• **DATA EXTRACT**
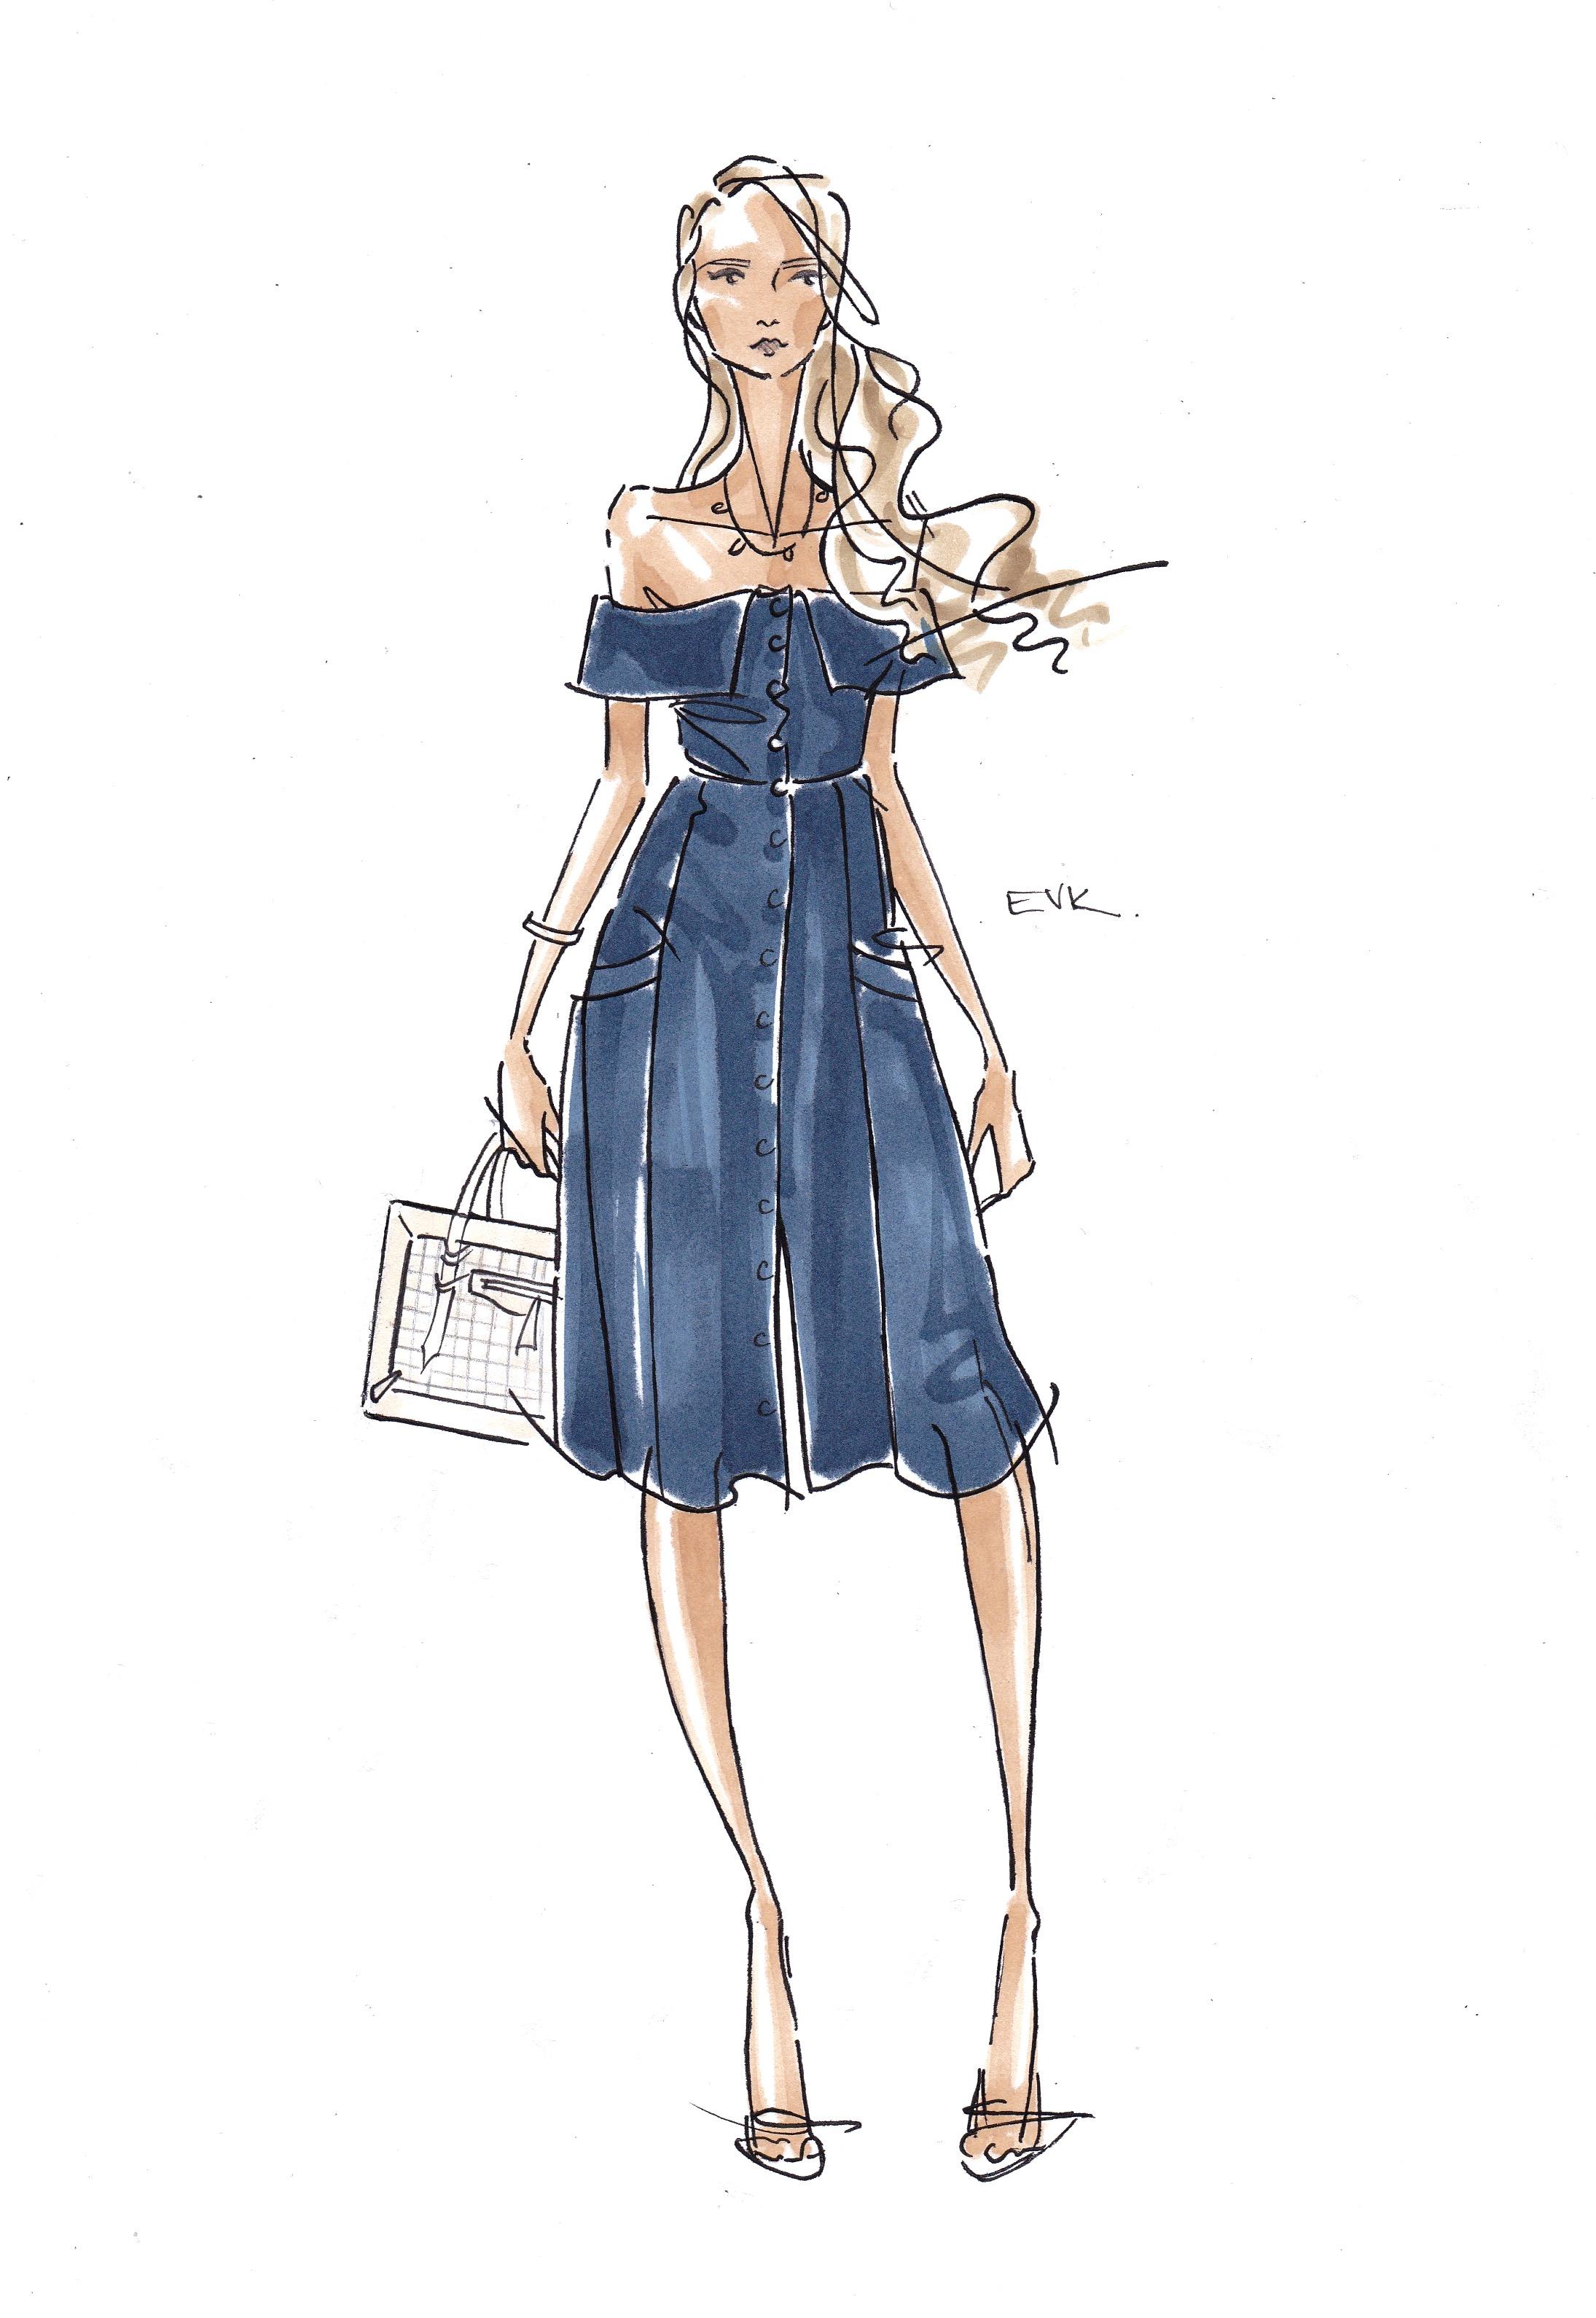 Amanda Norgaard + Structured Off-The-Shoulder - Copenhagen Fashion Week SS16  (2015) Marker, ink, pencil on archival bond, 11 x 8 inches © 2015 Elise Vavrus Krohn
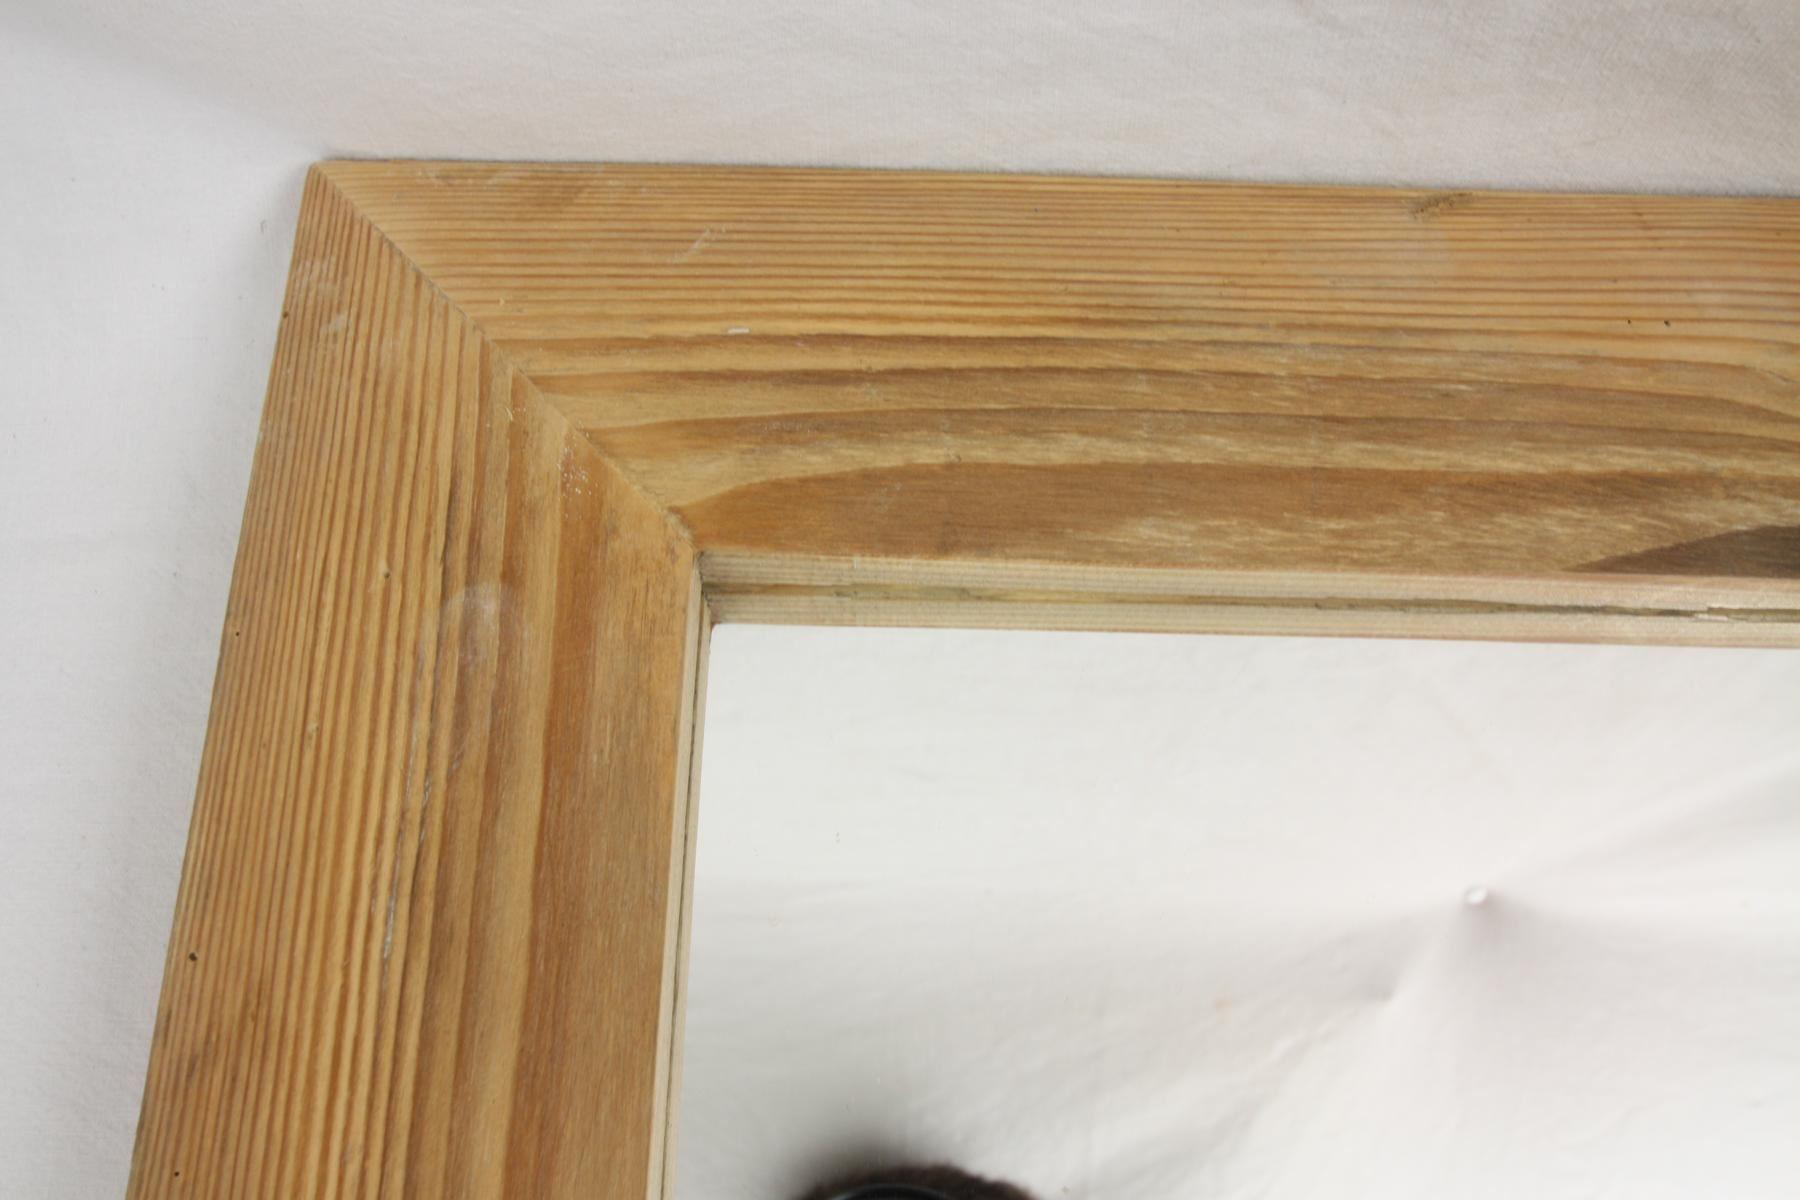 Treibholz spiegel for Rustikaler spiegel
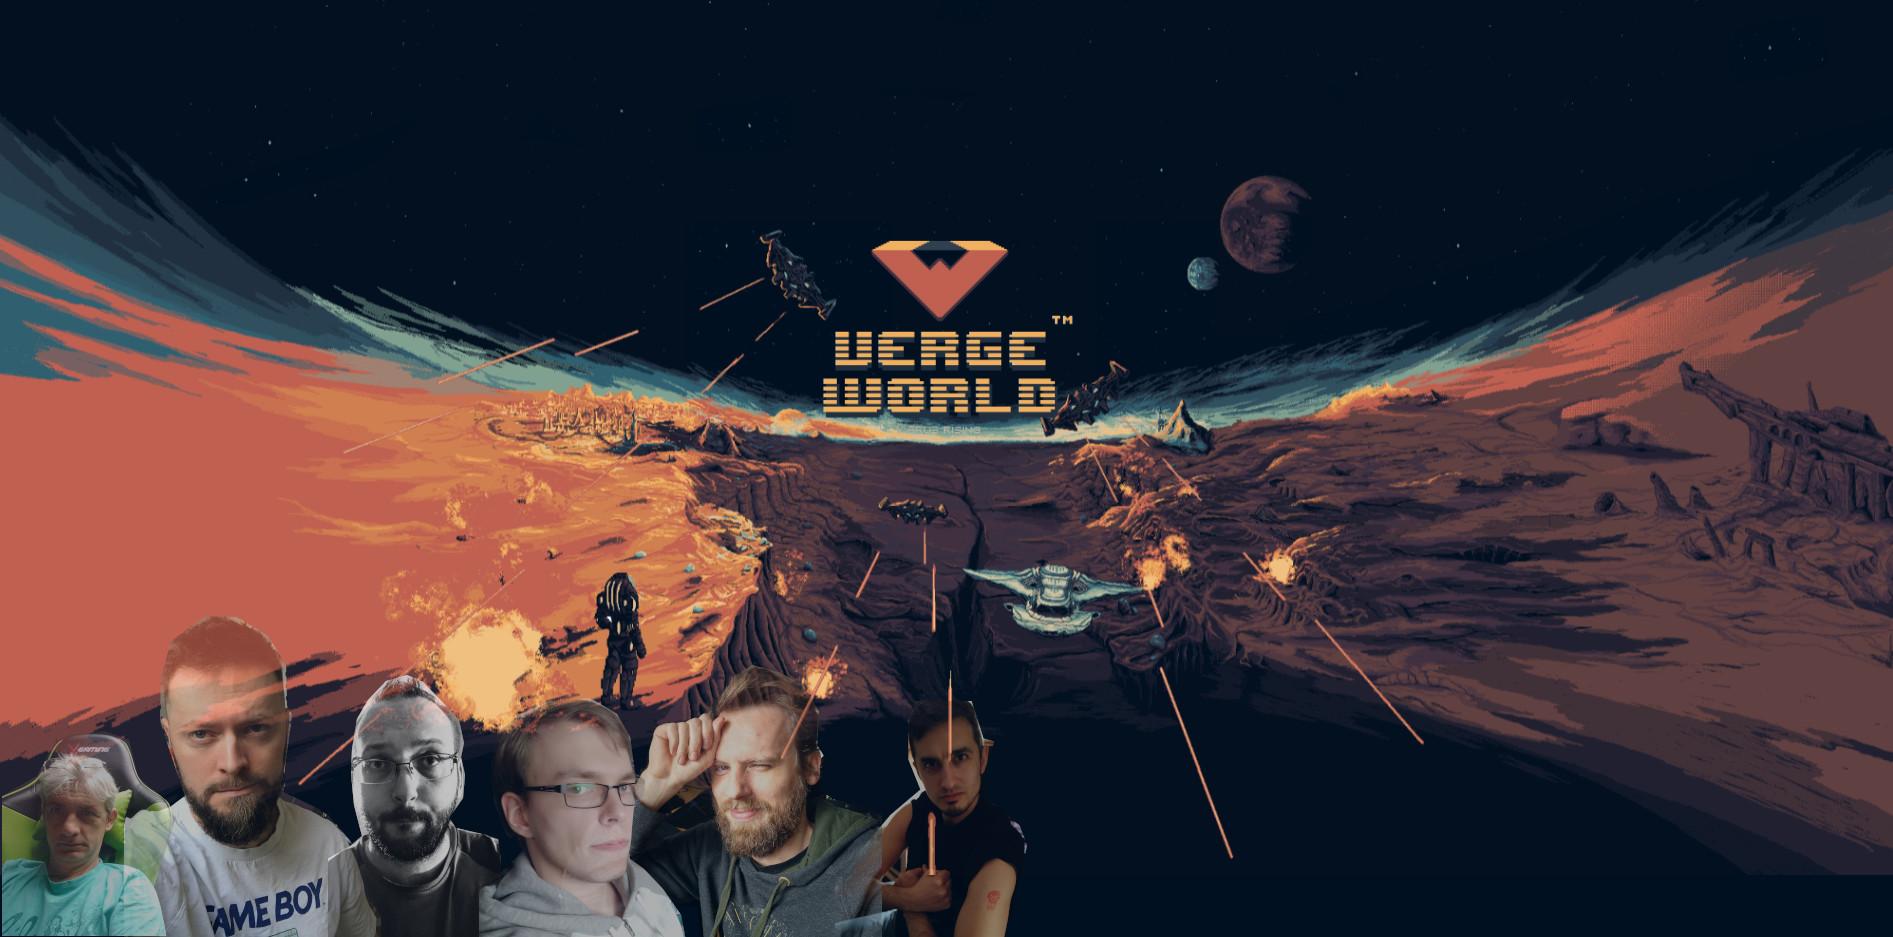 The complete Vergeworld team!
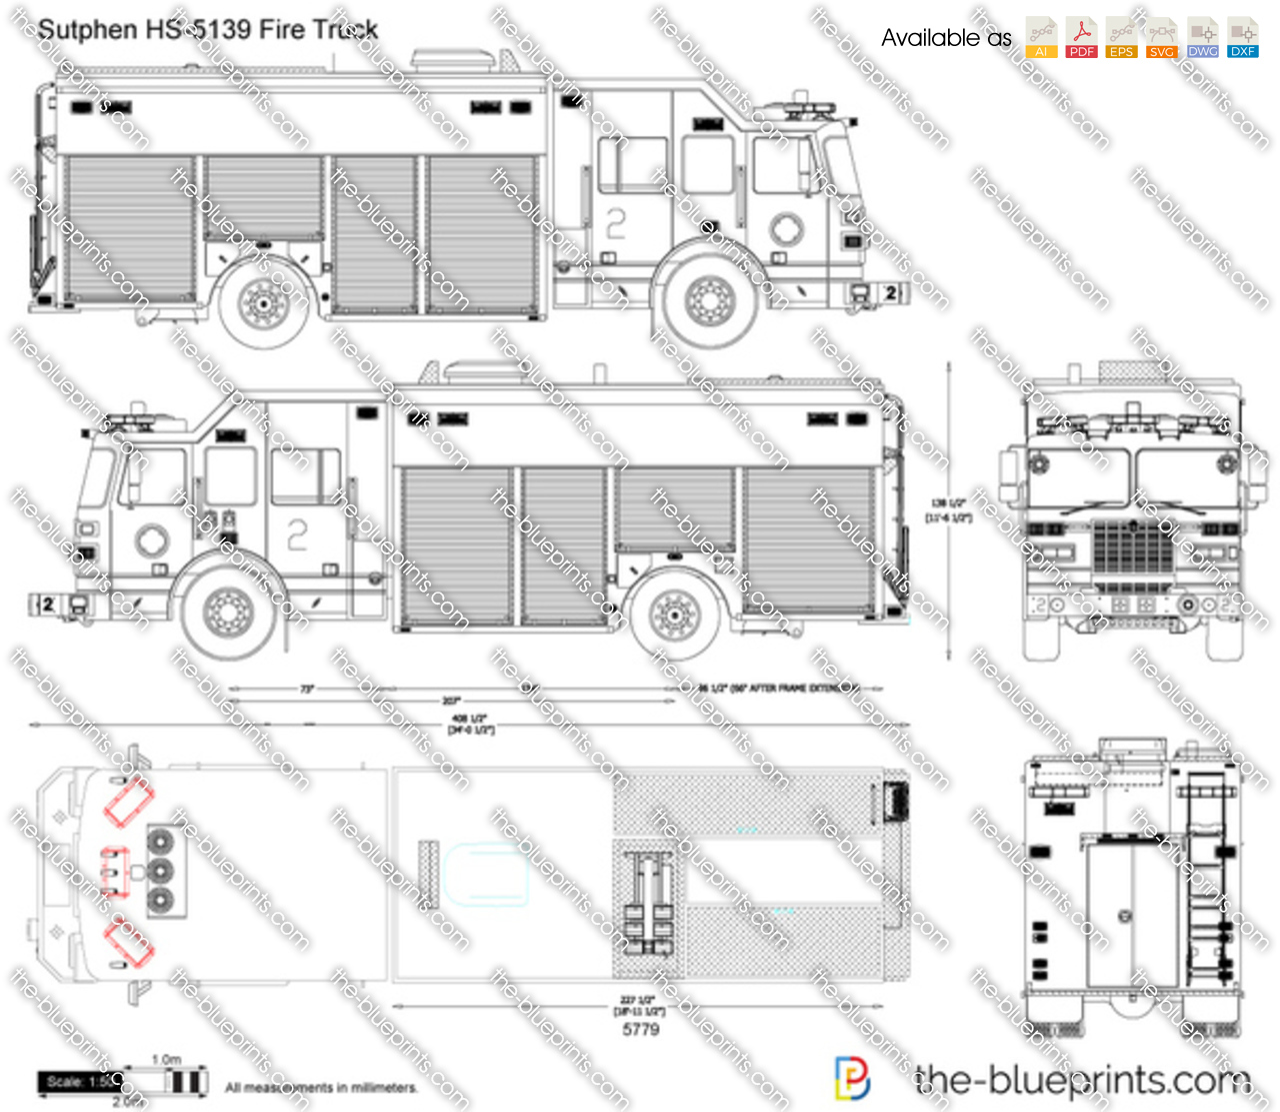 Sutphen Hs 5139 Fire Truck Vector Drawing Diagram Of Pierce Engine

• **TASK GOAL**
Could you repeat the listing above exactly, omitting its pictures?

• **RESPONSE TO THE TASK**
 Amanda Norgaard + Structured Off-The-Shoulder - Copenhagen Fashion Week SS16  (2015) Marker, ink, pencil on archival bond, 11 x 8 inches © 2015 Elise Vavrus Krohn
 Treibholz spiegel for Rustikaler spiegel
 The complete Vergeworld team!
 Sutphen Hs 5139 Fire Truck Vector Drawing Diagram Of Pierce Engine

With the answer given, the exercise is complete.